SMM Benchmark

This collection of code samples exercises different memory streaming cases when performing the matrix multiplication Cm x n = alpha · Am x k · Bk x n + beta · Cm x n: (1) streaming the matrices A, B, and C which is usually referred as batched matrix multiplication, (2) streaming the inputs A and B but accumulating C within cache, (3) streaming the A and C matrices while B is kept in cache, (4) streaming the B and C matrices while A is kept in cache, and (4) not streaming any of the operands but repeating the very same multiplication until the requested number of matrix multiplications has been completed.

Beside of measuring the duration of a test case, the performance is presented in GFLOPS/s. As an alternative metric, the memory bandwidth is given (the artificial “cached” case omits to present the cache-memory bandwidth). The “pseudo-performance” given in FLOPS/cycle is an artificial scoring, it not only uses a non-standard formula for calculating the FLOPS (2 * M * N * K - M * N rather than 2 * M * N * K) but also relies on (pseudo-)clock cycles:

$ ./specialized.sh 0
m=32 n=32 k=32 size=87381 memory=2048.0 MB (DP)

Batched (A,B,C)...
        pseudo-perf.: 10.7 FLOPS/cycle
        performance: 23.9 GFLOPS/s
        bandwidth: 11.1 GB/s
        duration: 239 ms
Finished

There are two sub collections of samples codes: (1) a collection of C++ code samples showing either BLAS, Compiler-generated code (inlined code), LIBXSMM/dispatched, LIBXSMM/specialized functions to carry out the multiplication, and (2) a Fortran sample code showing BLAS versus LIBXSMM including some result validation.

C/C++ Code Samples: Command Line Interface (CLI)

  • Takes an optional number (1st arg.) to select the streaming-case (0…8)
  • Optionally takes the M, N, and K parameter of the GEMM in this order
  • If only M is supplied, the N and K “inherit” the M-value
  • Example I (A,B,C): ./specialized.sh 0 16 8 9
  • Example II (A,B): ./specialized.sh 6 16

Fortran Code Sample: Command Line Interface (CLI)

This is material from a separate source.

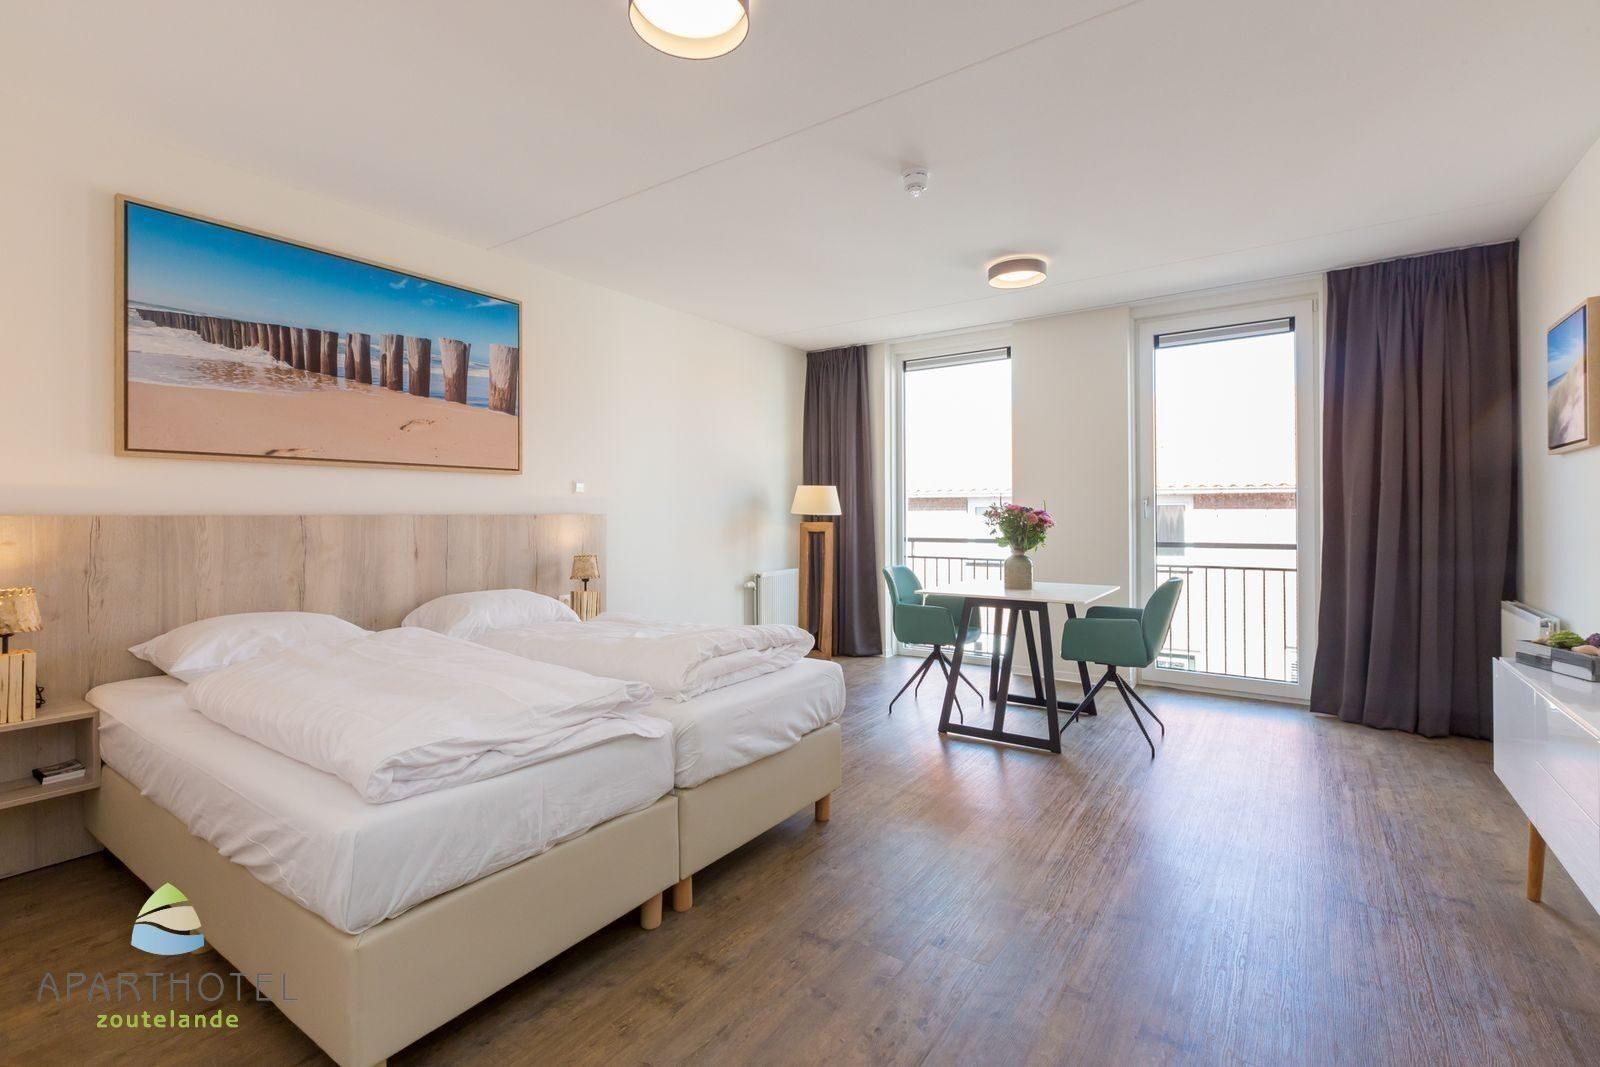 Hotels Zoutelande

  • Optionally takes the M, N, and K parameter of the GEMM in this order
  • Optional problem size (in MB) of the workload; M/N/K must have been supplied
  • Optional total problem size (in MB) implying the number of repeated run
  • If only M is supplied, the N and K are “inheriting” the M-value
  • Shows the performance of each of the streaming cases
  • Example I: ./smm.sh 16 8 9 1024 16384
  • Example II: ./smm.sh 16